Example strength exercises:
- 6 muscle-ups
- 10 chin-up pull-overs
- Rope climbs
- V-sit rolls
- Planche leans
Gymnasts often incorporate strength-building movements directly into their skill practice. For instance, during ring training, they may perform a muscle-up or press to a handstand multiple times as part of a skill drill, which doubles as strength training.
5. Training Frequency and Duration
Most gymnasts train for 3-4 hours a day, 5 days a week, with about 30 minutes to 1 hour dedicated to strength training during each session. The rest is spent practicing skills and developing flexibility.
Your program:
- 5 days per week: Each session should last about 2-3 hours. Spend the first half on skill training, followed by strength exercises.
- If you’re just starting, aim for shorter sessions (1-1.5 hours) and gradually increase the duration as your body adapts.
6. Training Splits
Gymnastics doesn’t follow traditional workout splits like upper/lower or push/pull. Instead, it tends to be full-body, with exercises involving multiple muscle groups simultaneously. However, some gyms may focus on specific events (e.g., rings, bars, floor) each day, allowing for a form of natural splitting in the routine.
Suggested split for beginners:
- Day 1: Handstands, ring training, and core strength
- Day 2: Back lever, front lever, and general upper-body conditioning
- Day 3: Flexibility and skill-based training (focus on splits, shoulder mobility)
- Day 4: Full-body strength workout with gymnastics movements (rope climbs, muscle-ups)
- Day 5: Active recovery (light cardio, mobility work, stretching)
7. Rest Periods and Fatigue
Unlike typical strength training routines that often prescribe fixed rest intervals, gymnastics training can vary depending on the activity. For example, rest periods may be longer during skill-based activities, as you’ll want to avoid training to failure and focus on technique. In contrast, strength circuits may involve shorter rest periods to build endurance.
General guideline:
- Rest between sets: 1-2 minutes for strength work
- Rest between skill attempts: Longer if technique falters (2-3 minutes), shorter if maintaining form (30 seconds to 1 minute)
8. Progressive Overload
Gymnasts typically achieve progressive overload through skill progression rather than traditional weightlifting. For example, as you get stronger, you can move from tuck levers to full levers or from handstands against the wall to freestanding handstands.
Increase difficulty by:
- Adding time to holds (e.g., holding a front lever for 5 seconds, then increasing to 10 seconds)
- Moving to more advanced progressions (e.g., straddle to full back lever)
- Incorporating additional drills or variations to challenge your body further
9. Flexibility Training
Flexibility is a crucial aspect of gymnastics, especially for skills like splits and shoulder positions in handstands. Dedicate time at the end of each session for focused stretching to increase your flexibility, just as gymnasts do.
Stretching routine:
- Spend 15-20 minutes after each workout focusing on flexibility in key areas (hamstrings, hip flexors, shoulders).

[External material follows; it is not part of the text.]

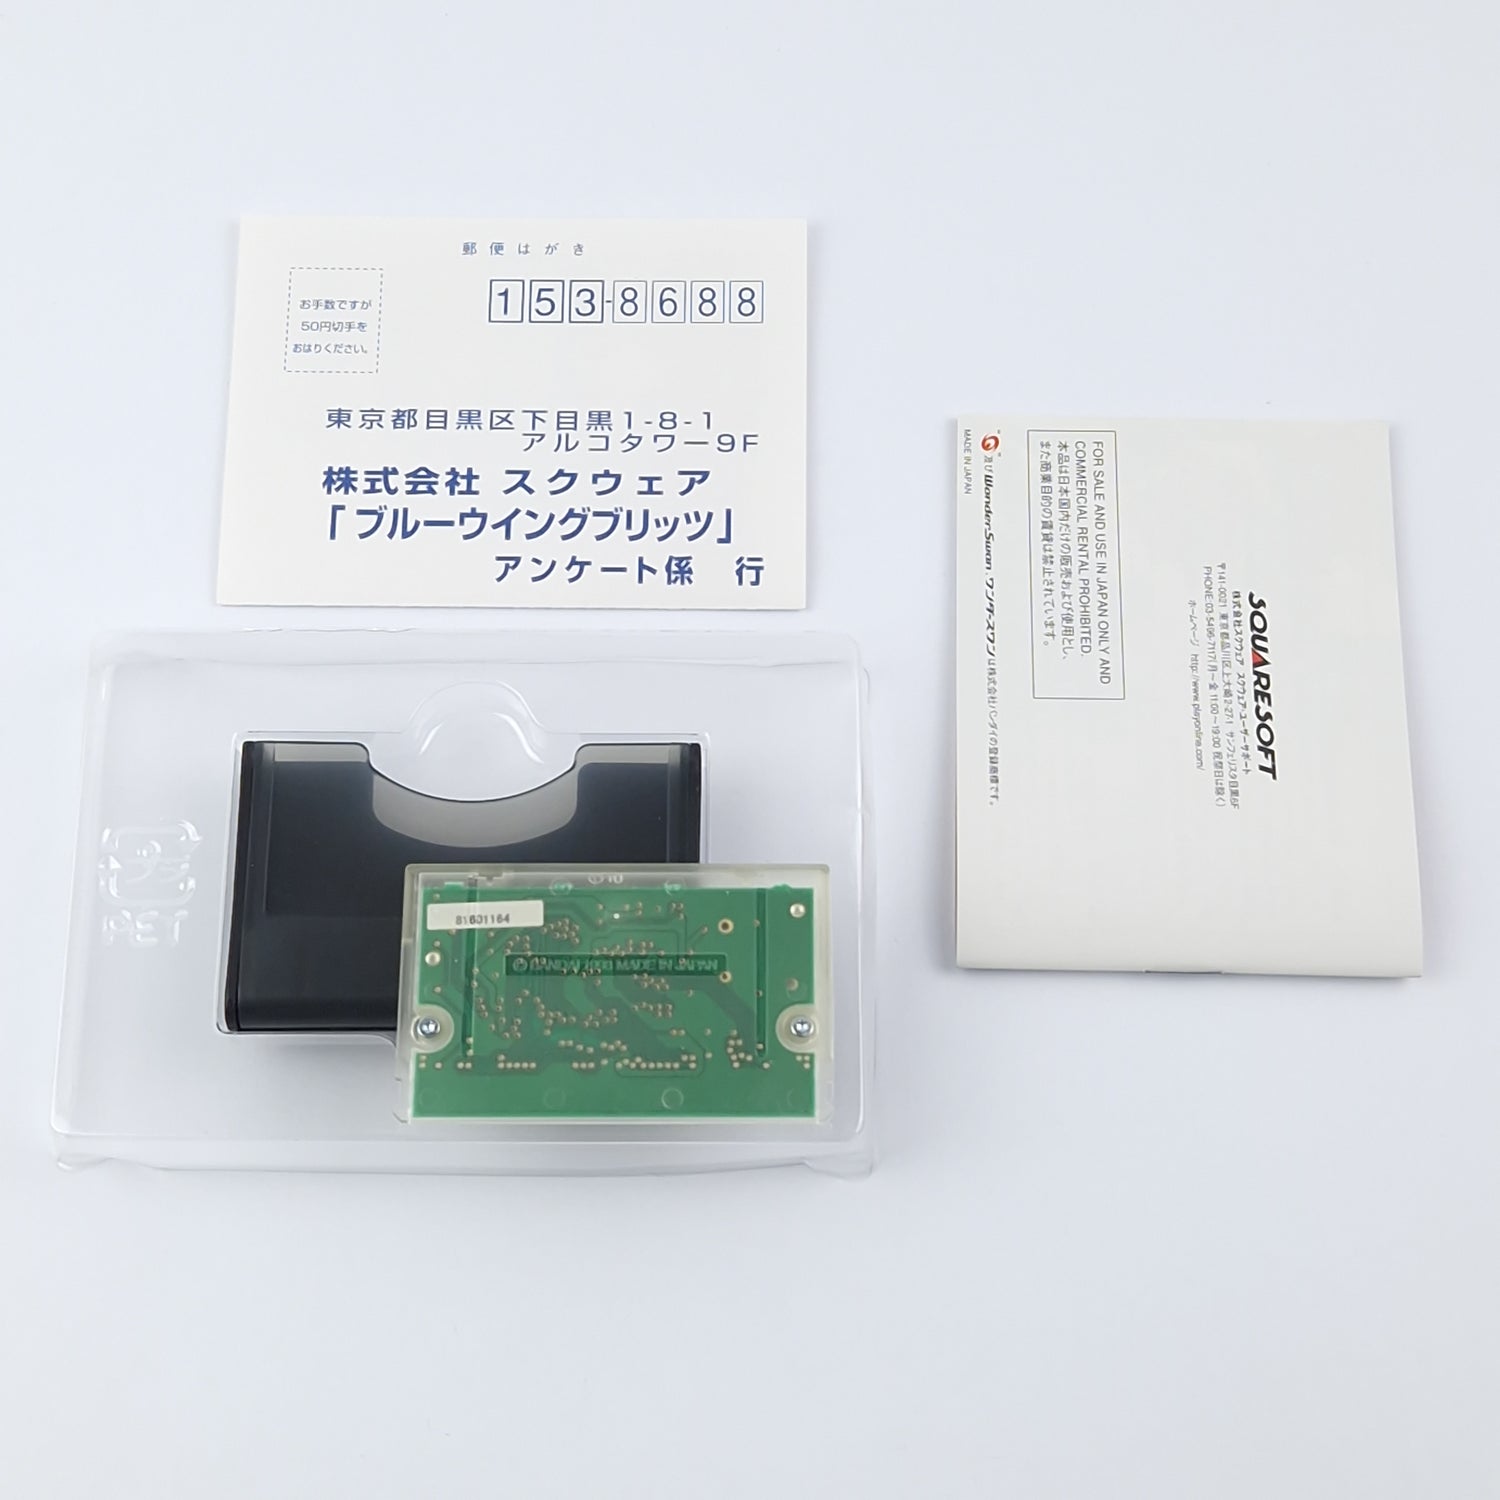 Wonderswan Game: Blue Wing Blitz - OVP Instructions Module | NTSC-J Japan Game
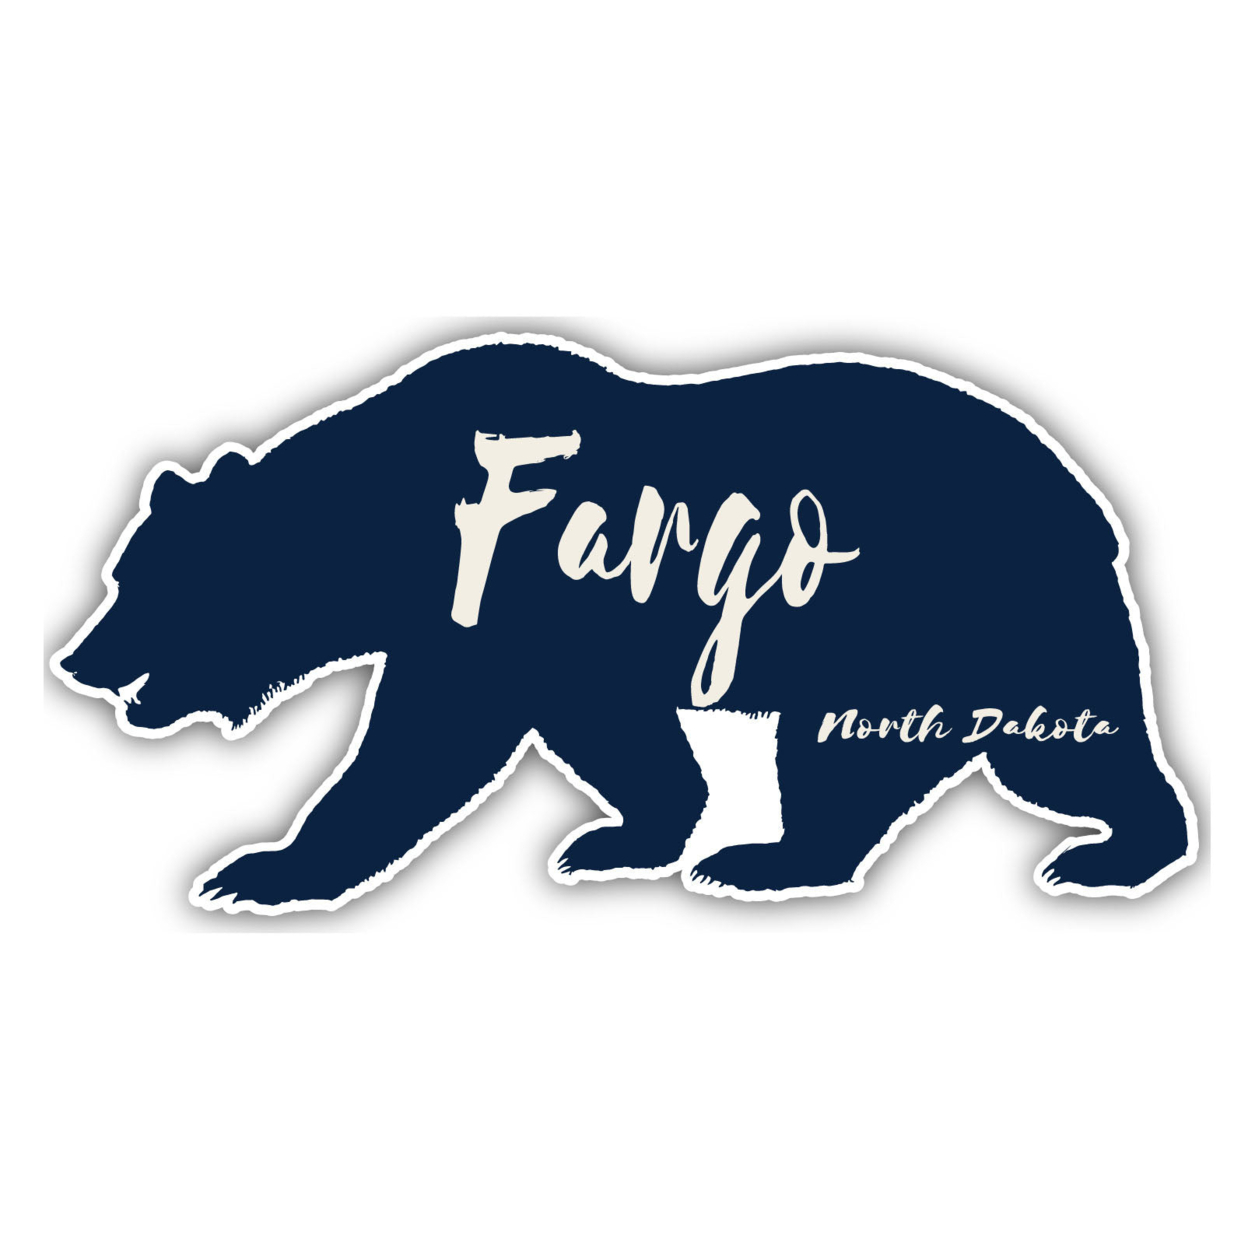 Fargo North Dakota Souvenir Decorative Stickers (Choose Theme And Size) - 4-Pack, 8-Inch, Tent

- Incorporate both dynamic and static stretches to improve your range of motion.
10. Consistency Is Key
Gymnastics requires dedication and consistency. Many gymnasts train for years to develop their skills and strength, and the journey to mastering these skills takes time. Stay patient, and track your progress in both strength and skill acquisition.
Conclusion
Training like a gymnast isn’t just about replicating exercises—it’s about transforming how you approach fitness. Gymnasts don’t just aim to get stronger or more flexible; they focus on mastering their bodies by combining control, grace, and power in every move. This is what makes gymnastics training different from typical workouts.
While you’ll get stronger and more flexible along the way, the real change will be in how you understand movement, control, and the potential of your body.